- Task directions: Only the lines from the one that contains "Karl Lagerfeld überrascht" through the last line of the data below should be duplicated, exactly and without pictures.

- Information shown:
- Opening Delimiter -

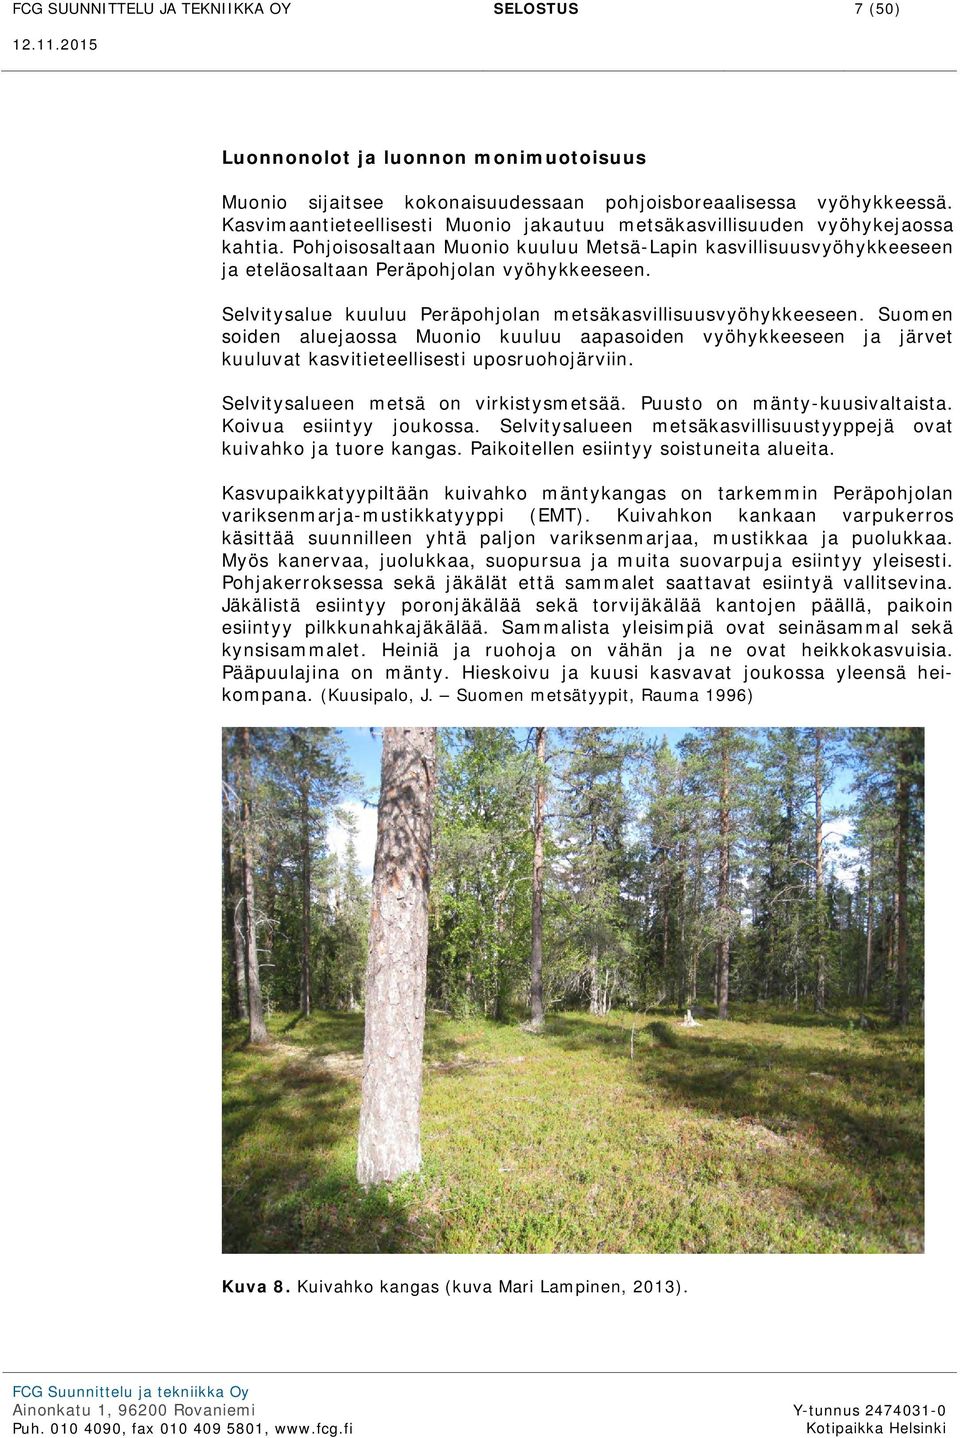 Selvitysalue kuuluu Peräpohjolan metsäkasvillisuusvyöhykkeeseen. Suomen soiden aluejaossa Muonio kuuluu aapasoiden vyöhykkeeseen ja järvet kuuluvat kasvitieteellisesti uposruohojärviin.
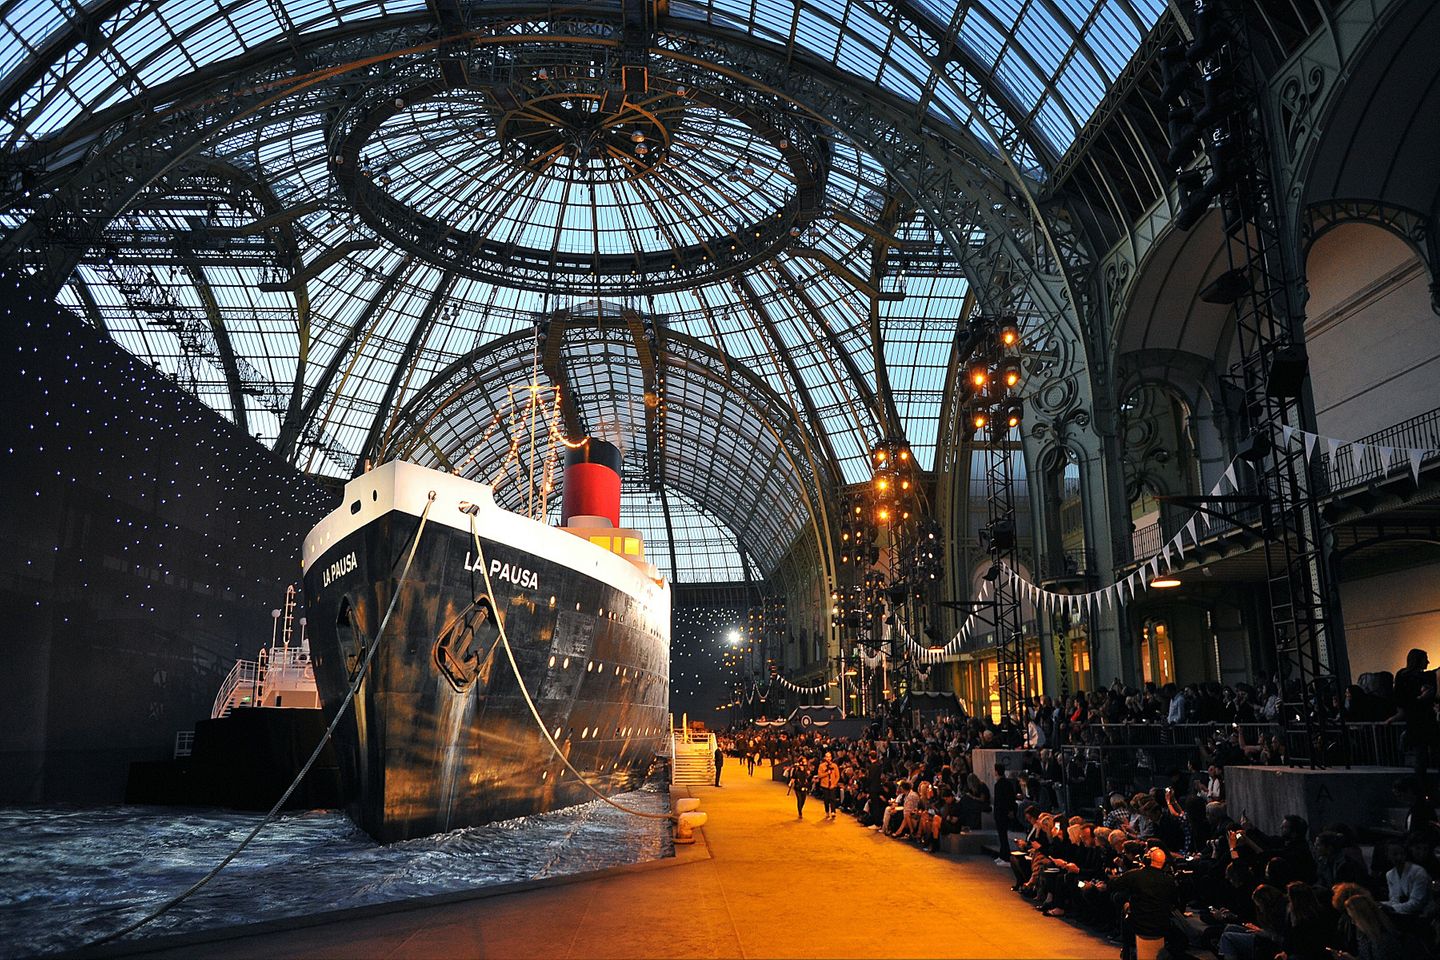 Karl Lagerfeld überrascht jedesmal aufs Neue mit den Kulissen, die er für seine Kollektionen im Pariser Grand Palais entwirft. Diesmal nimmt er seine Gäste passend zur Präsentation der neuen Cruise Collection mit auf Kreuzfahrt.
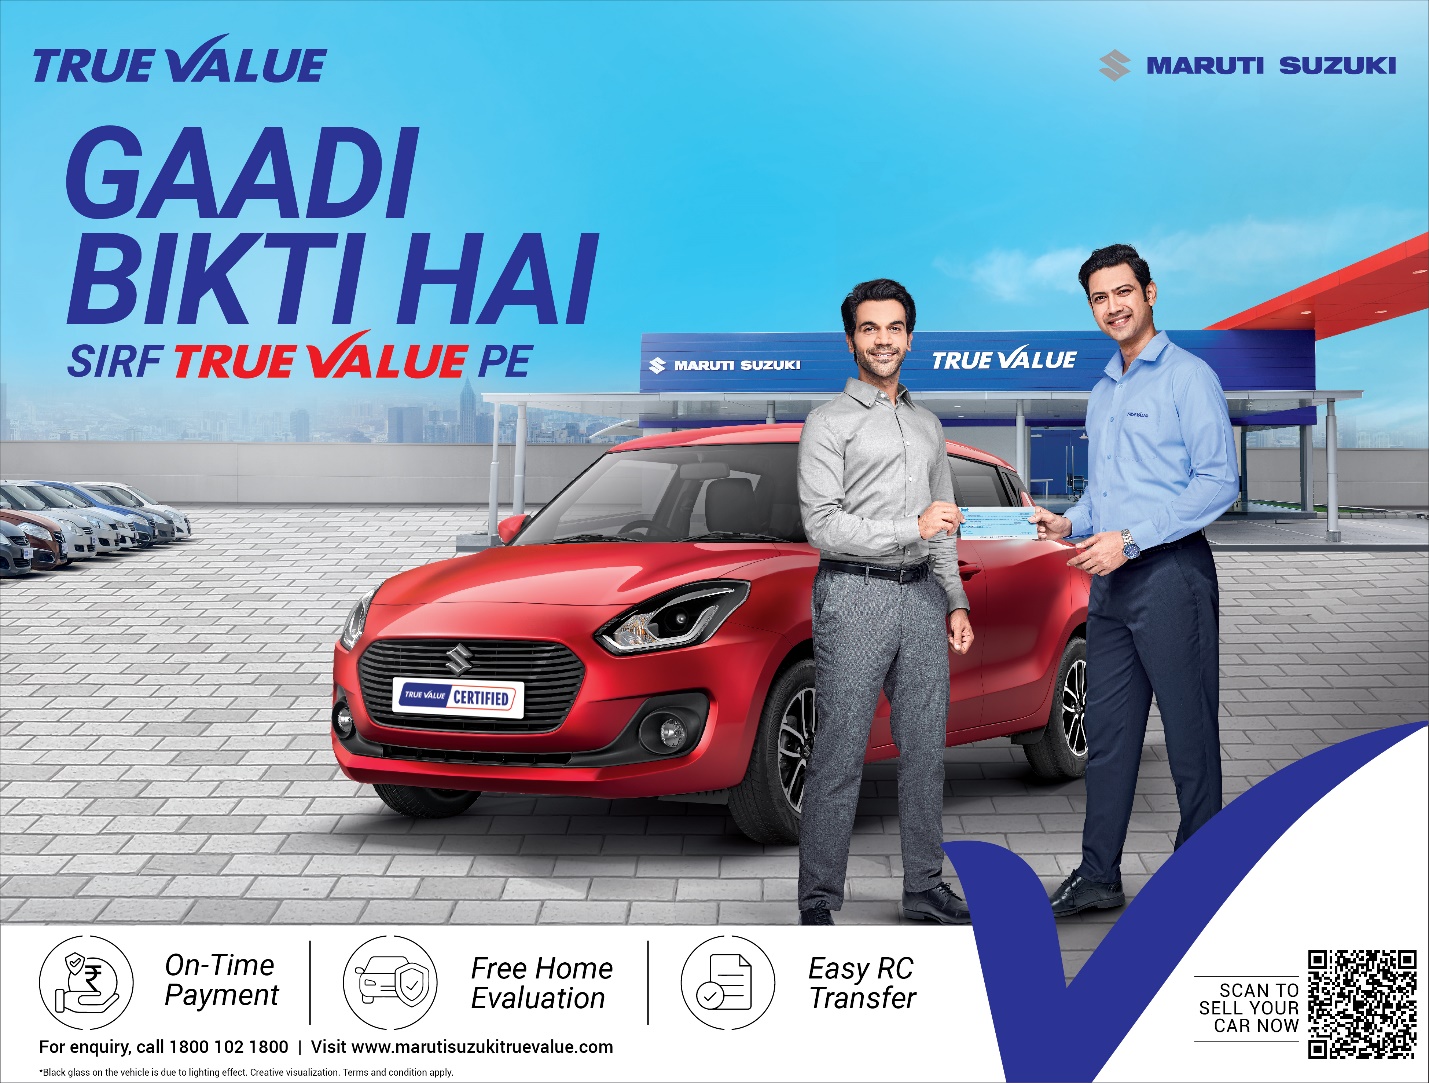 Maruti Suzuki True Value launches new brand campaign #SirfTrueValuePe

- Closing Delimiter -

- Response below:
 Karl Lagerfeld überrascht jedesmal aufs Neue mit den Kulissen, die er für seine Kollektionen im Pariser Grand Palais entwirft. Diesmal nimmt er seine Gäste passend zur Präsentation der neuen Cruise Collection mit auf Kreuzfahrt.
 Maruti Suzuki True Value launches new brand campaign #SirfTrueValuePe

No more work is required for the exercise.